Teens speak out about substance abuse problems in Beaufort County

sbowman@beaufortgazette.comMay 19, 2014 

There is a substance abuse problem among youth in Beaufort County, say law enforcement, educators and teens themselves.

But before it can be fixed, it must be acknowledged and understood.

That's the biggest part of the problem, teens say. It isn't seen as a problem -- instead, using and abusing drugs and alcohol is seen more as the norm.

"It's become such a normal thing in our community, and it's a normal thing to come up in conversation," said Lindsey Neville, a student at Hilton Head Island High School. "That's one of the reasons why people find it so easy to begin doing these things, because everyone talks about it, so it just seems so normal now."
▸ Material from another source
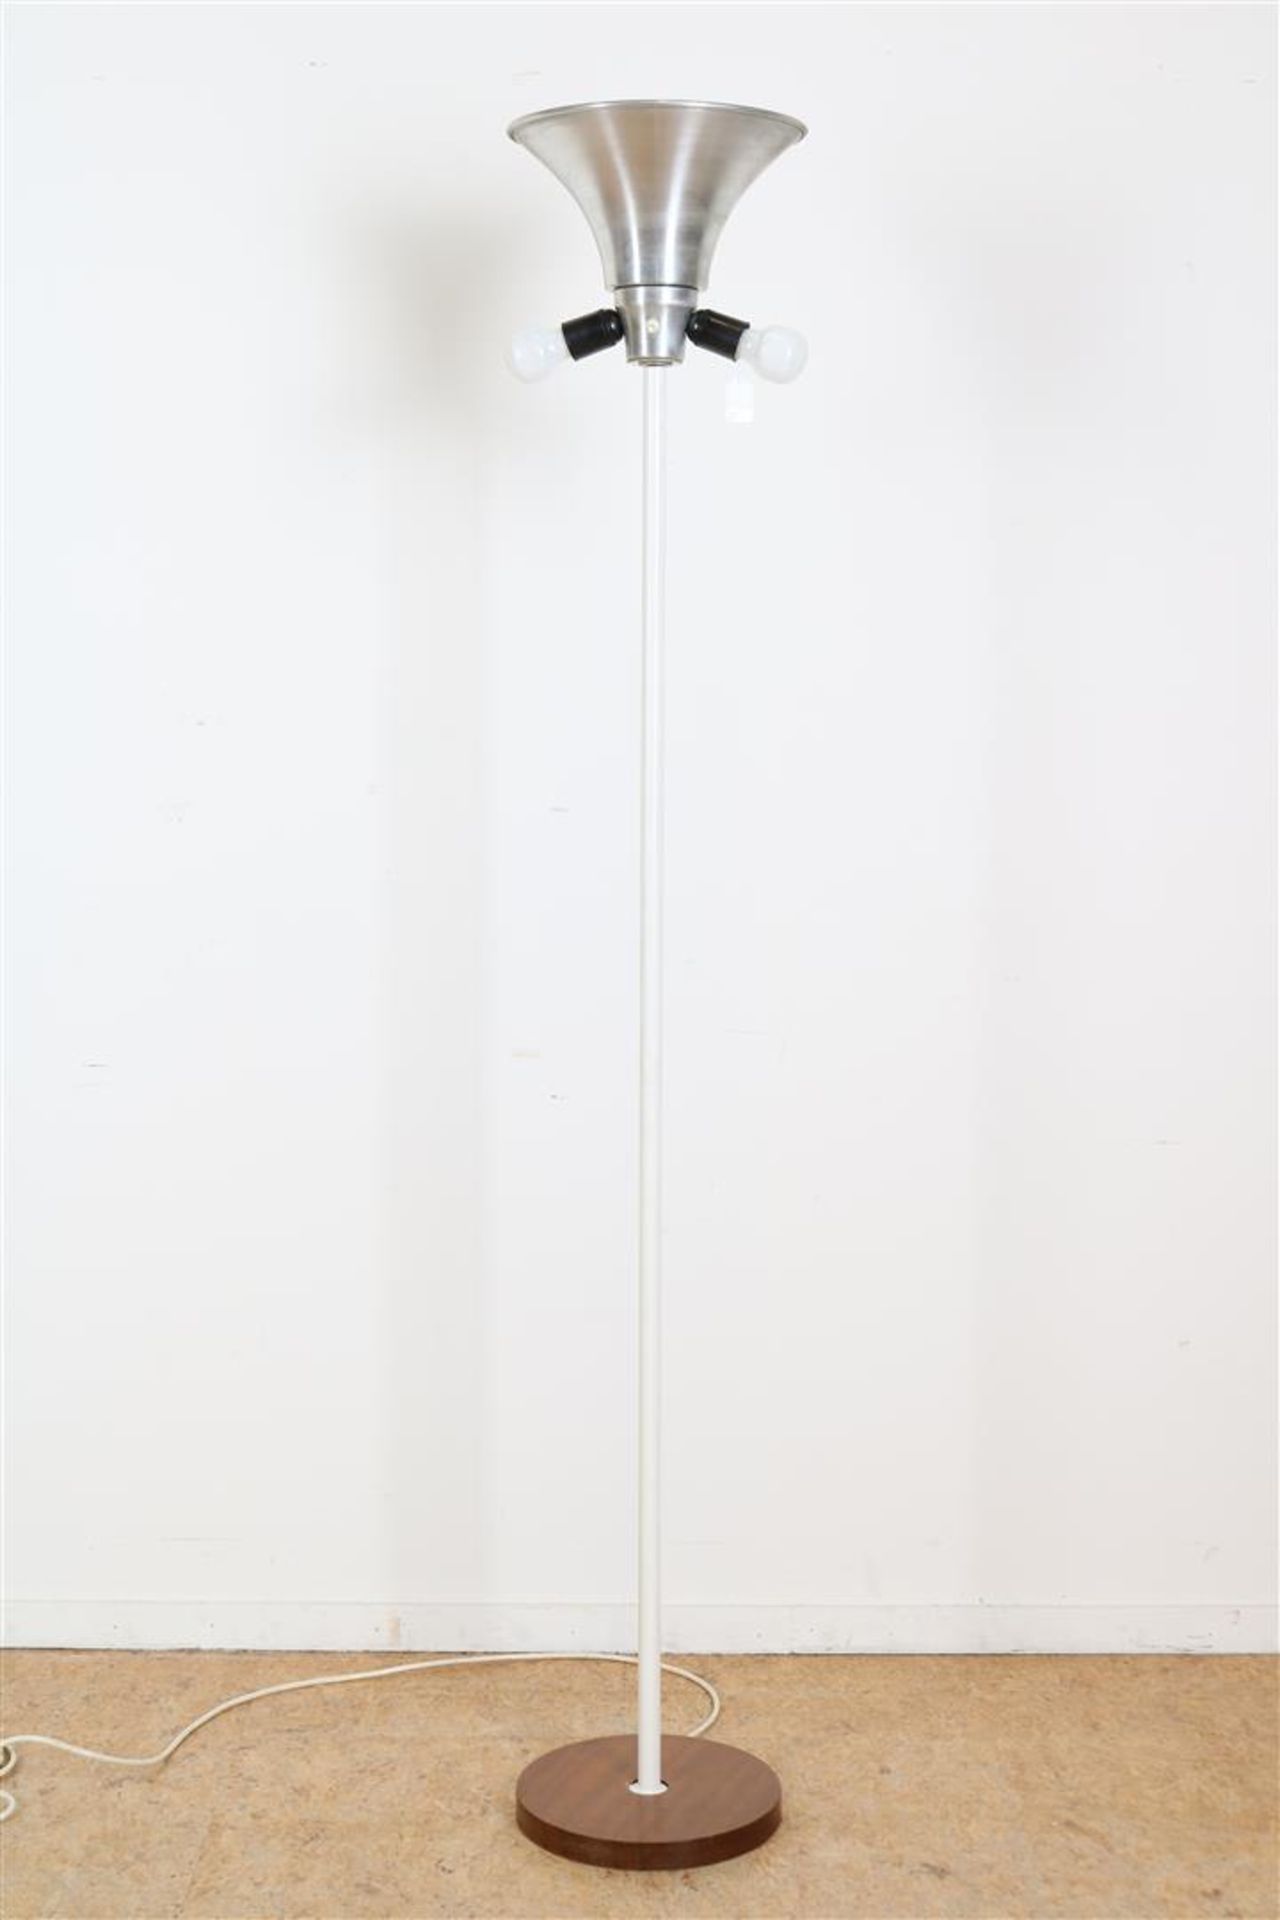 Gispen standing lamp on white-painted metal feet, aluminum shell shade, height 170 cm.
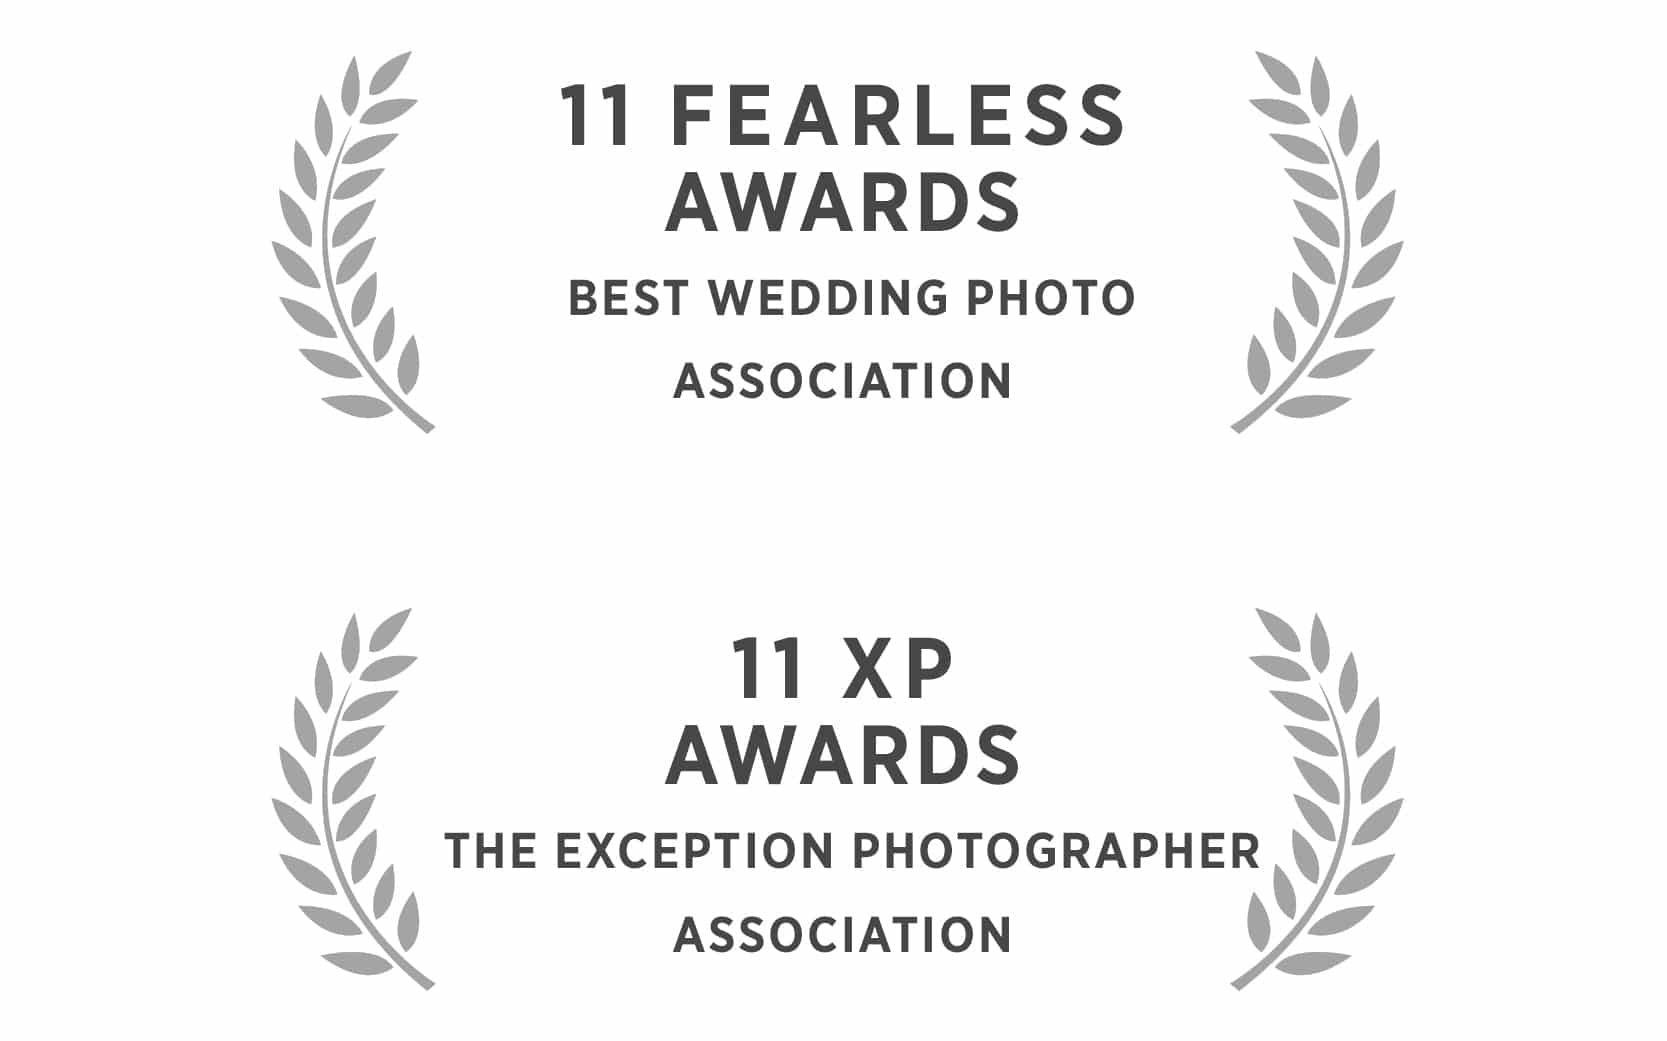 Awards winning photographer in France.

But Neville -- along with 13 of her peers and many parents, business people and community members in Hilton Head and Bluffton -- are trying to raise awareness about the problem and address it.

On Monday night, the LowCountry Alliance for Healthy Youth hosted a town hall meeting, sponsored by the Substance Abuse and Mental Health Services Administration, to educate the community and hear directly from students.

A panel of experts, including a pediatrician, attorney and a drug enforcement agent with the Beaufort County Sheriff's Office, also spoke about the health and legal consequences of substance abuse.

Teen alcohol and drug abuse is the No. 1 health risk facing the country's youth today, according to the substance abuse administration.

Hilton Head High had a drug problem earlier this year involving Xanax, a prescription narcotic used to manage anxiety, and Coricidin, an over-the-counter cold-and-cough medicine.

Principal Amanda O'Nan said paramedics had to be called to the campus several times to help students who mixed the drugs. However, since taking a head-on approach, the school has not experienced any recent cases, O'Nan said.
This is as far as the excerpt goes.